PS: mein Problem mit close und getPortIdentifiers ist aber trotzdem nicht gelöst.


----------



## peter1235 (16. Aug 2007)

Danke für Deine Hilfe boesi. Das bringt mich schon mal weiter.



			
				boesi hat gesagt.:
			
		

> PS: mein Problem mit close und getPortIdentifiers ist aber trotzdem nicht gelöst.



Bei mir beendet sich das Programm bisher ganz regulär und der port wird also relativ schnell geschlossen. Daher kann ich Dir wohl auch nicht weiterhelfen bei diesem konkreten Problem.

cu


----------



## boesi (17. Aug 2007)

peter1235 hat gesagt.:
			
		

> Bei mir beendet sich das Programm bisher ganz regulär und der port wird also relativ schnell geschlossen. Daher kann ich Dir wohl auch nicht weiterhelfen bei diesem konkreten Problem.


Das tritt bei mir auch nicht immer auf, aber zu etwa 95%. Wenn ich das Programm nicht über Eclipse starte, scheint das Problem nicht ganz so häufig aufzutreten, ist aber trotzdem vorhanden.

Interessanterweise ist die Wartezeit immer ein Vielfaches von 20s - die Zeiten 20, 200, 220, 40s sind mir bisher mit abnehmender Häufigkeit begegnet.

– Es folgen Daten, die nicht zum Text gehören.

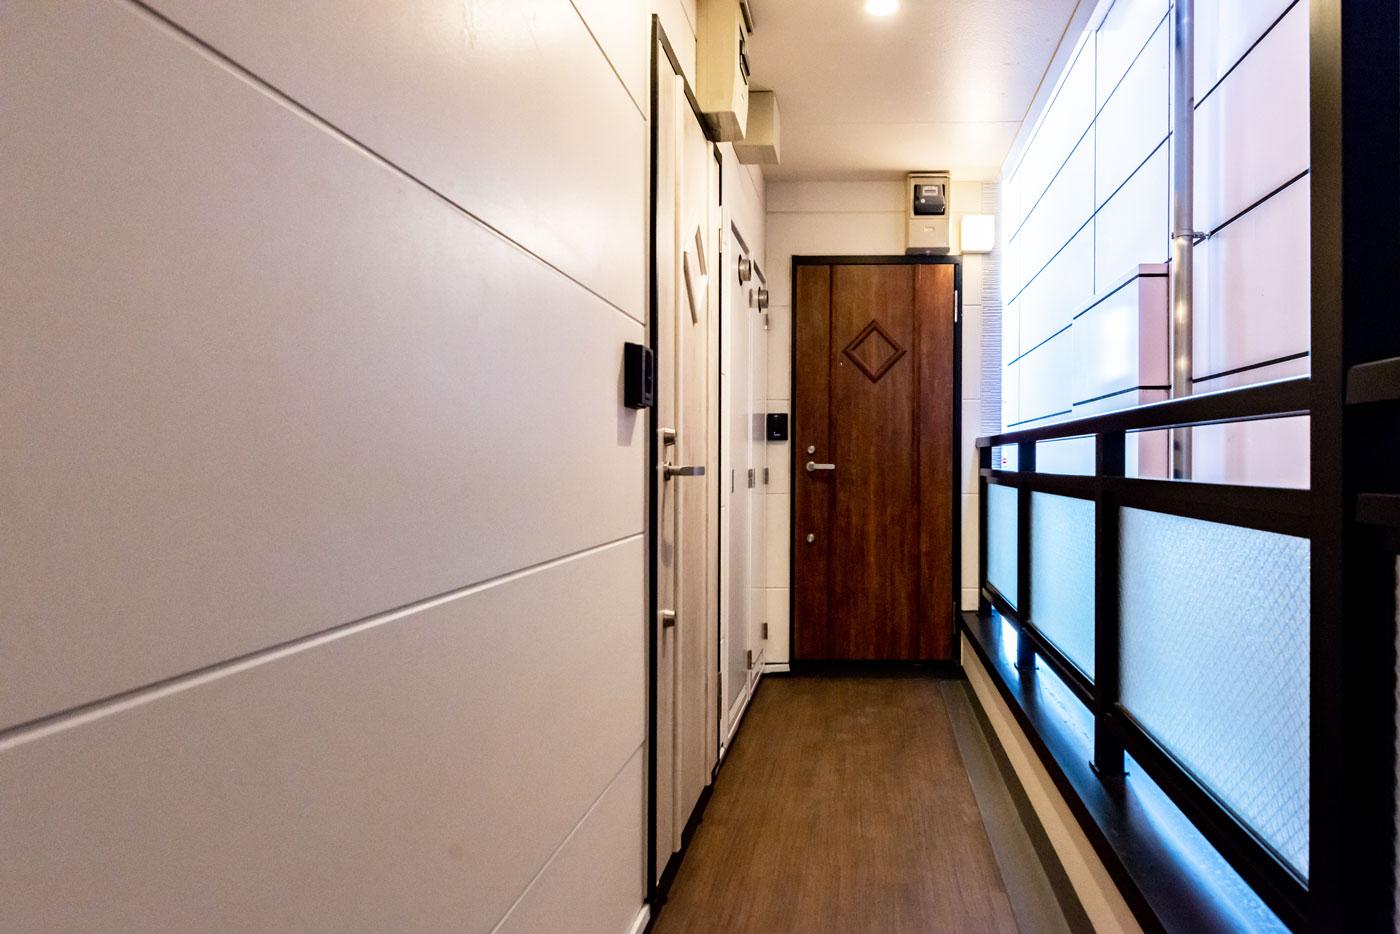 403-7 ドア(茶色 2階4階Cタイプ共通)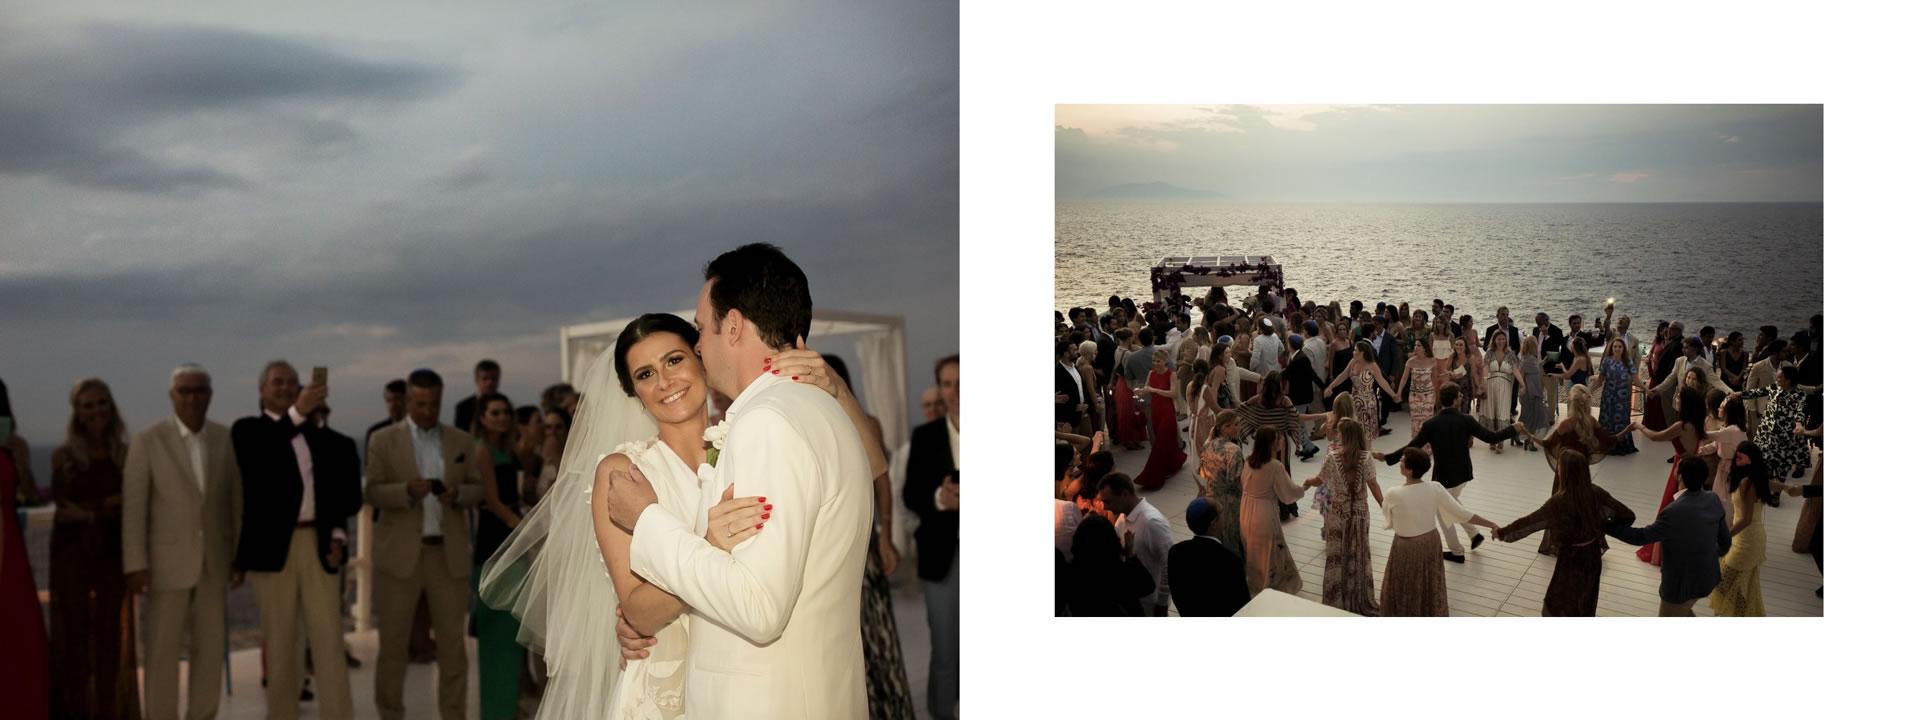 - 51 :: Jewish luxury wedding weekend in Capri :: Luxury wedding photography - 50 ::  - 51

Etwas merkwürdig ist auch, dass ich das Programm abschiessen kann und der Port dann nicht blockiert ist - das kenn ich von frühern Projekten (kein Java) eigentlich anders.


cu boesi


----------



## peter1235 (17. Aug 2007)

boesi hat gesagt.:
			
		

> Interessanterweise ist die Wartezeit immer ein Vielfaches von 20s - die Zeiten 20, 200, 220, 40s sind mir bisher mit abnehmender Häufigkeit begegnet.


Das ist natürlich komisch. Klingt nach einer systematischen Verzögerung. Ist doch schon mal ganz gut, vielleicht findet man doch noch einen "normalen" Grund.



			
				boesi hat gesagt.:
			
		

> Etwas merkwürdig ist auch, dass ich das Programm abschiessen kann und der Port dann nicht blockiert ist - das kenn ich von frühern Projekten (kein Java) eigentlich anders.
> cu boesi



Dann wird der Port von Deinem Programm noch regulär geschlossen. Wann genau schießt Du das Programm denn ab? Gegen Ende während der langen Wartepause?

cu


----------



## boesi (18. Aug 2007)

peter1235 hat gesagt.:
			
		

> Das ist natürlich komisch. Klingt nach einer systematischen Verzögerung. Ist doch schon mal ganz gut, vielleicht findet man doch noch einen "normalen" Grund.


Grad ist noch die Zeit von 160s dazu gekommen.


			
				peter1235 hat gesagt.:
			
		

> Dann wird der Port von Deinem Programm noch regulär geschlossen. Wann genau schießt Du das Programm denn ab? Gegen Ende während der langen Wartepause?


Immer dann, wenn ich keine Lust hab, auf das reguläre Ende des Programm zu warten, weil ich das Programm gleich wieder starten will. Und der Port war bis jetzt nicht ein einziges Mal blockiert.

Ich steh kurz davor, einfach ein Fenster mit dem Text "Programm wird geschlossen" einzubauen ... [*]


cu boesi


[*] Das ist ja wohl so ziemlich das dämlichste was man machen kann ...


----------